松本サリンから10年…河野さん一家の闘い、今も読売新聞

 死者7人、負傷者約600人を出した1994年の松本サリン事件の発生から27日で10年。事件の被害者でありながら、一時は警察から容疑者のように扱われた河野義行さん(54)は、今も全国で講演活動を行い、犯罪被害者の支援などを訴えている。

 27日には、長男の仁志さん(25)が、事件のあった長野県松本市で開かれるシンポジウムに参加、聴衆の1人として会場に足を運ぶ父の前で初めて、冤罪(えんざい)や報道被害に立ち向かった当時の思いを語る。

 河野義行さんの元に、東京の青果物卸売会社で働く仁志さんから電話が入ったのは、「父の日」の今月20日だった。

 仁志さんは、事件現場近くの松本市城北公民館で開かれる「松本サリン事件を考えるシンポジウム」で講演することを話した。

 「僕も聞きに行くよ」と言う父に対して、「それはやりづらいな」と仁志さん。

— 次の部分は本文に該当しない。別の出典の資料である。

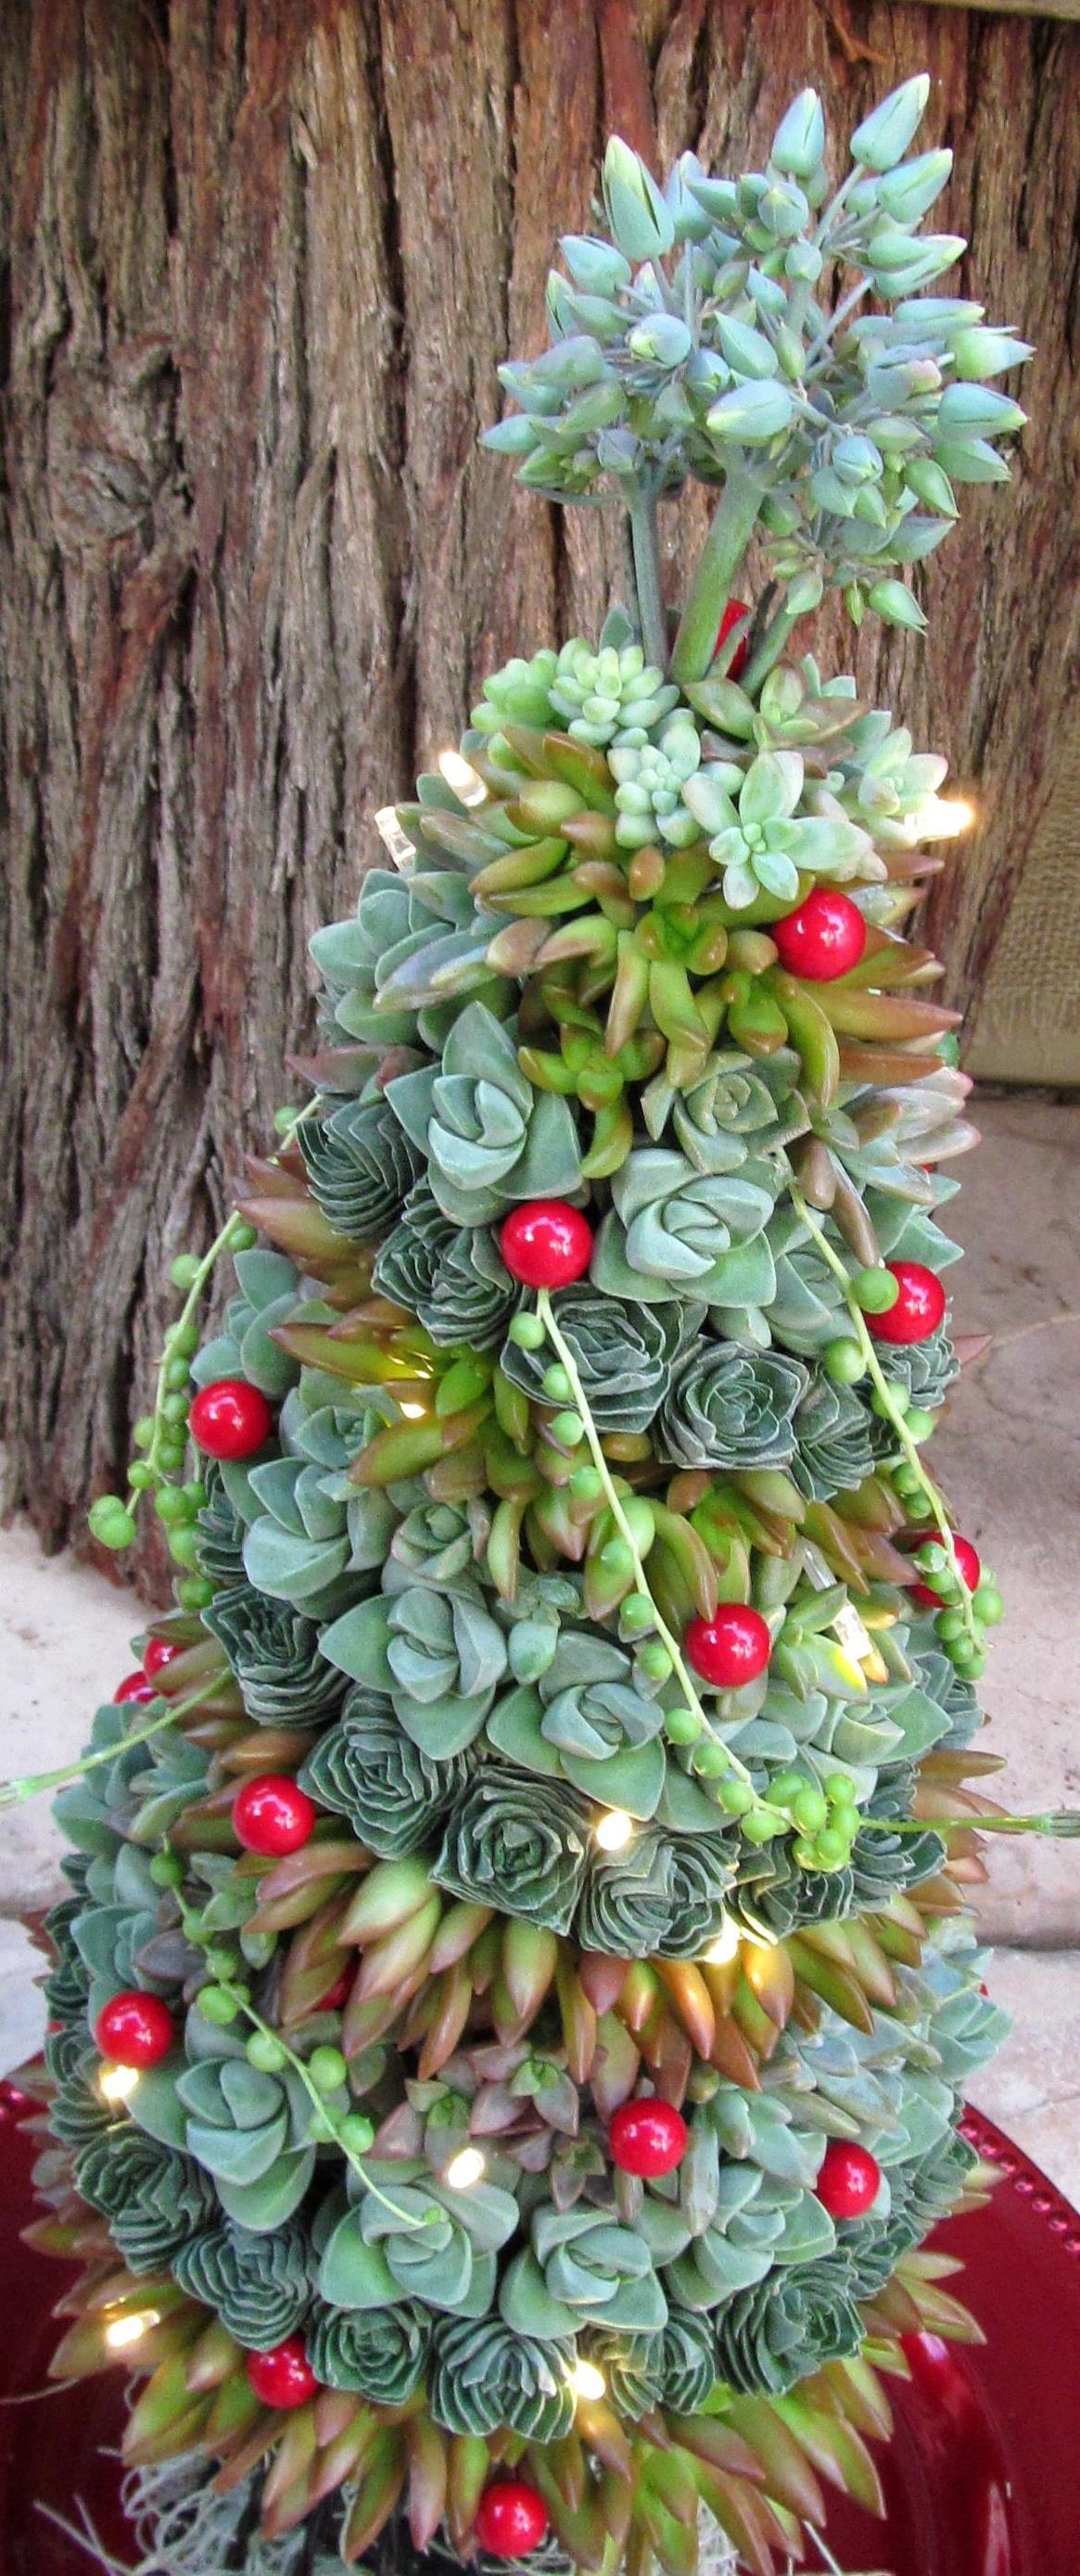 best images about suculentas on pinterest indoor succulent

事件に対する父の考えは、講演活動を通して耳にしている。しかし、直接事件について語り合ったことはほとんどなかった。

 「これまでの年月、事件についてどう考えてきたか。父に伝えられるいい機会になると思う」。そう思い直し、来てもらうことにした。

 事件直後、河野さん一家は、仁志さんを除く4人全員が入院した。救急車に乗り込む義行さんは、高校1年だった仁志さんの手を握り、「後は頼んだぞ」と伝えた。

 その後、義行さんは警察の取り調べを受け、容疑者のように報道された。疑いが晴れたのは、翌年、オウム真理教の関与が明らかになってからだった。

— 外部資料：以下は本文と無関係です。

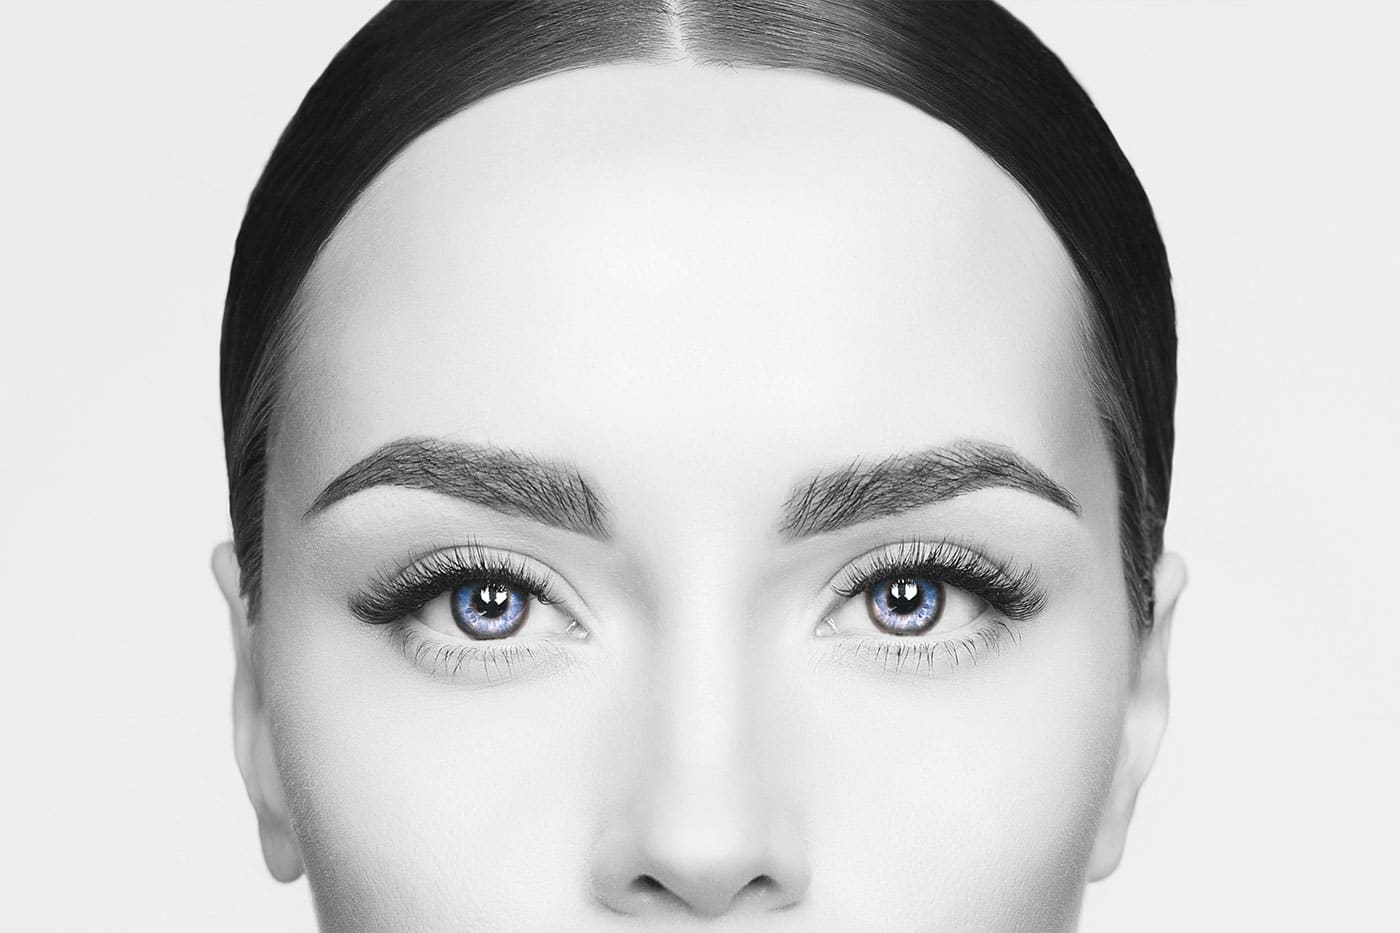 Botox and Other Neuromodulators

 仁志さんは、市内の病院と、父の代理人を務める永田恒治弁護士(68)の事務所とを往復する毎日を送った。「わずか15歳ながら、仁志君は警察の家宅捜索や事情聴取を受けても常に沈着冷静だった」と永田弁護士。「後は……」という父の言葉が仁志さんの支えだった。

 「河野(義行さん)を守ろうとする者は自分と仁志君しかおらず、周囲はみな敵だった。そんな中で一緒に知恵を絞って戦った」。今でも互いを「戦友」と呼び合う、固いきずなで結ばれた永田弁護士から、「事件から10年を迎え、君が話す機会を作ろうと思う」と、シンポジウムへの参加を打診された。

 取り立てて自分の経験を社会に発信するつもりはない。しかし、「戦友」の誘いを断る理由はなかった。

          ◇

 「最初の1年はとても長かった」

 義行さんは10年を振り返り、そう語った。

 事件後、サリンの被害で約1か月入院した。その間、警察の事情聴取が繰り返し行われ、マスコミから取材依頼の手紙もたくさん届いた。

 「家内を殺人者の妻にはさせられない」。警察の取り調べに耐え、誹謗(ひぼう)中傷に負けなかったのは、サリンの被害で意識が戻らない妻の澄子さん(56)への思いからだった。

 義行さんは、2年前から長野県公安委員を務めている。月3回ほどの会議に出席、毎回、積極的に意見を述べ、内部から警察をチェックする。10年間の講演回数は約500回。今年も50回以上になりそうだという。(読売新聞)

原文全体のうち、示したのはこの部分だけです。